Por que Vasco e Botafogo ainda não estão na primeira prateleira?

Apesar da melhora na situação e algumas contratações, os elencos atuais de seus clubes estão longe de ser da primeira prateleira do mercado

Fonte: Pixnio

Passados pouco mais de um ano desde a aprovação da lei das SAFs (sociedades anônimas do futebol), os torcedores de clubes que se tornaram empresas, como o Vasco da Gama e Botafogo, começam a sentir que ainda falta muito para seus clubes de coração voltarem a ser competitivos no cenário nacional.

Apesar da melhora na situação e algumas contratações, os elencos atuais de seus clubes estão longe de ser da primeira prateleira do mercado. Sem dúvidas os favoritos nos sites de apostas ainda são o Palmeiras e o Flamengo, com Atlético-MG e Corinthians logo atrás.

Primeiramente é preciso entender que os investidores que adquiriram as ações desses clubes também assumiram suas dívidas milionárias e que elas precisam ser pagas. 

Será preciso implantar uma gestão profissional, enxugar os gastos e estipular determinadas limitações para que esses clubes possam funcionar como verdadeiras empresas e darem lucro.
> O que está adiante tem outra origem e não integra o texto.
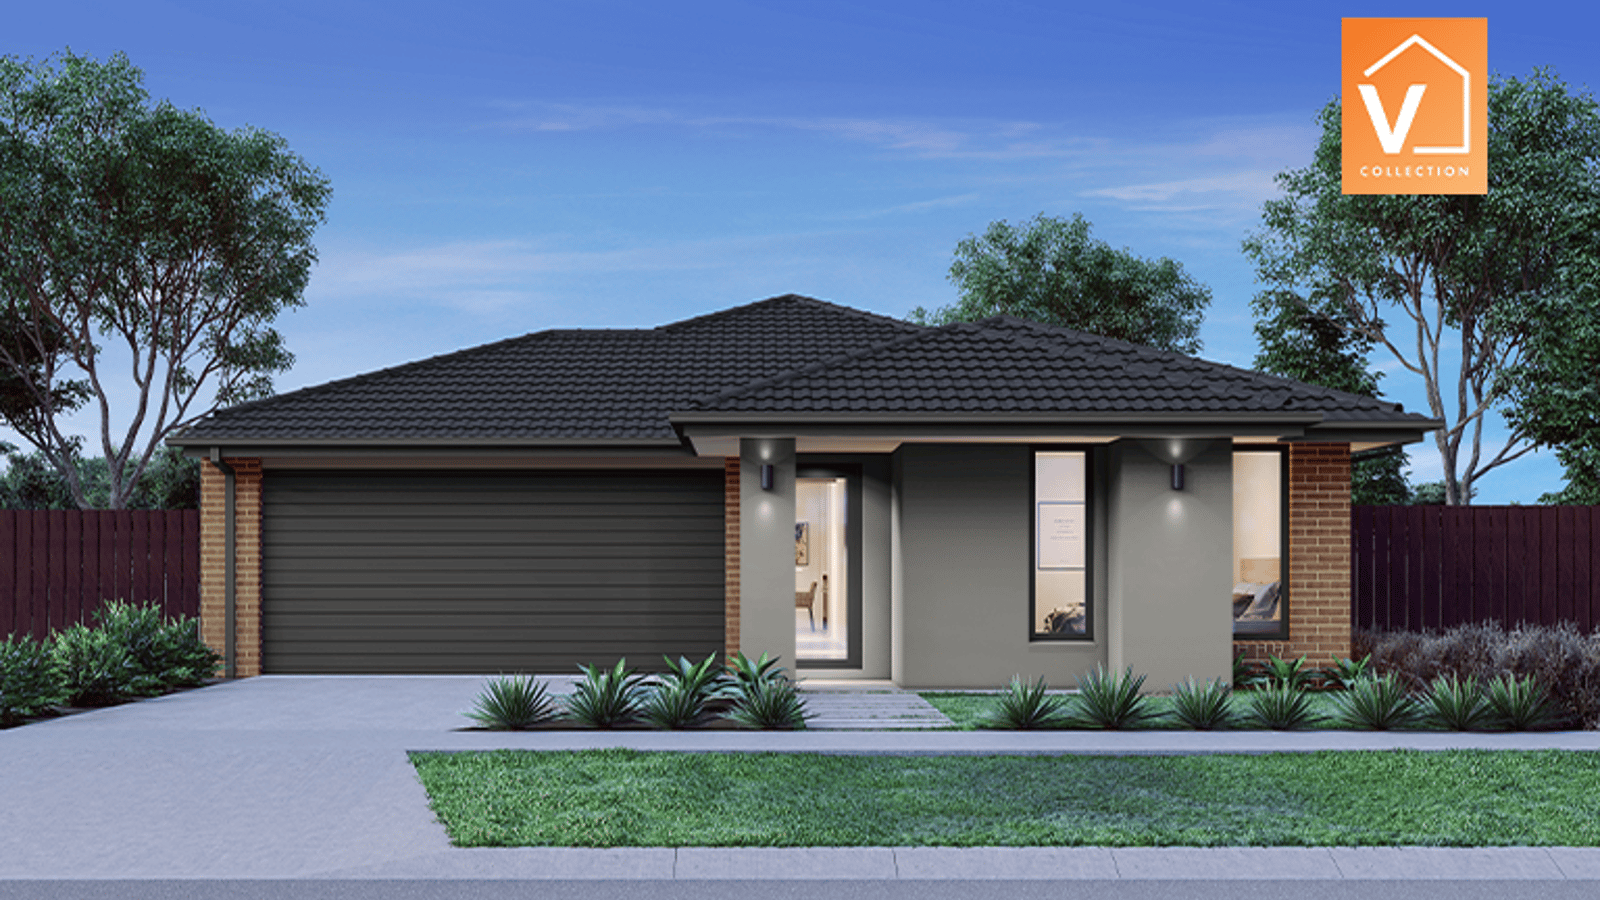 Photo of Lot 327 #8 Damiana Ave - Verve Estate, Clyde North VIC 3978 AUS

Isso não irá acontecer a curto prazo: os resultados, caso tudo corra bem, serão sentidos a médio e longo prazo.

As dificuldades iniciais não devem deixar o torcedor chateado, afinal ter uma situação estável e um caixa repleto de dinheiro para investir no futebol não é garantia de sucesso para clube algum nem do Brasil e nem mesmo do exterior.

O mercado mundial está repleto de exemplos de grandes equipes milionárias que não ganharam absolutamente nada por anos.

Uma nova fase para o Vasco

O Club de Regatas Vasco da Gama, agora comandado pela 777 Partners, tem até contratado alguns bons atletas para a temporada de 2023.

Um novo comandante foi contratado para esse novo Vasco, que ocupará o lugar de Jorginho: será Maurício Barbieri, ex-Red Bull Bragantino. Para diretor-técnico chega o velho conhecido Abel Braga.

O Cruz-Maltino já contratou para temporada de 2023 o volante Patrick De Lucca, o atacante Pedro Raul, vindo do Goiás, o zagueiro Léo Pelé, o lateral Lucas Piton, ex-Corinthians, o zagueiro Robson Bambu e o lateral uruguaio Pumita Rodríguez, dentre outros.

Apesar de não serem grandes nomes do futebol nacional a 777 Partners fez um grande investimento nessas contratações e busca bons resultados já no Campeonato Carioca.

Botafogo investe nos jovens

Já o Botafogo também precisa de um certo tempo para se organizar. Mesmo com os investimentos feitos pela SAF o clube tem tido algumas dificuldades para lidar com seu fluxo de caixa. O clube não tem honrado seus compromissos pontualmente em relação às luvas, comissões a empresários e premiações aos jogadores.

Desde que John Textor assumiu o comando do clube, tem se procurado equilibrar a balança entres despesas e arrecadação, mas essa é uma tarefa que vai exigir muita engenharia financeira e os resultados reais só deverão aparecer a médio prazo. Mesmo no Carioca o time deve alternar o uso de titulares e reservas.

O Glorioso direcionou seus investimentos para jovens jogadores que poderão trazer retorno dentro de campo mas também no caixa, como o zagueiro equatoriano de 25 anos Luís Segovia que veio do Independiente del Valle, o atacante Carlos Alberto de apenas 20 anos que veio do América-MG, o meia Caio Vitor e o volante Marlon Freitas, que atuava no Atlético-GO

Outra investida está ocorrendo na Inglaterra, o clube pretende contratar por empréstimo o jovem atacante uruguaio Facundo Pellistri de apenas 21 anos do Manchester United. 

O jogador não tem tido muitas chances de atuar no time principal do Manchester United, apesar de ter jogado pela seleção Uruguaia na Copa do Mundo do Catar, e pode ser uma boa oportunidade para reforçar o elenco do clube da estrela solitária.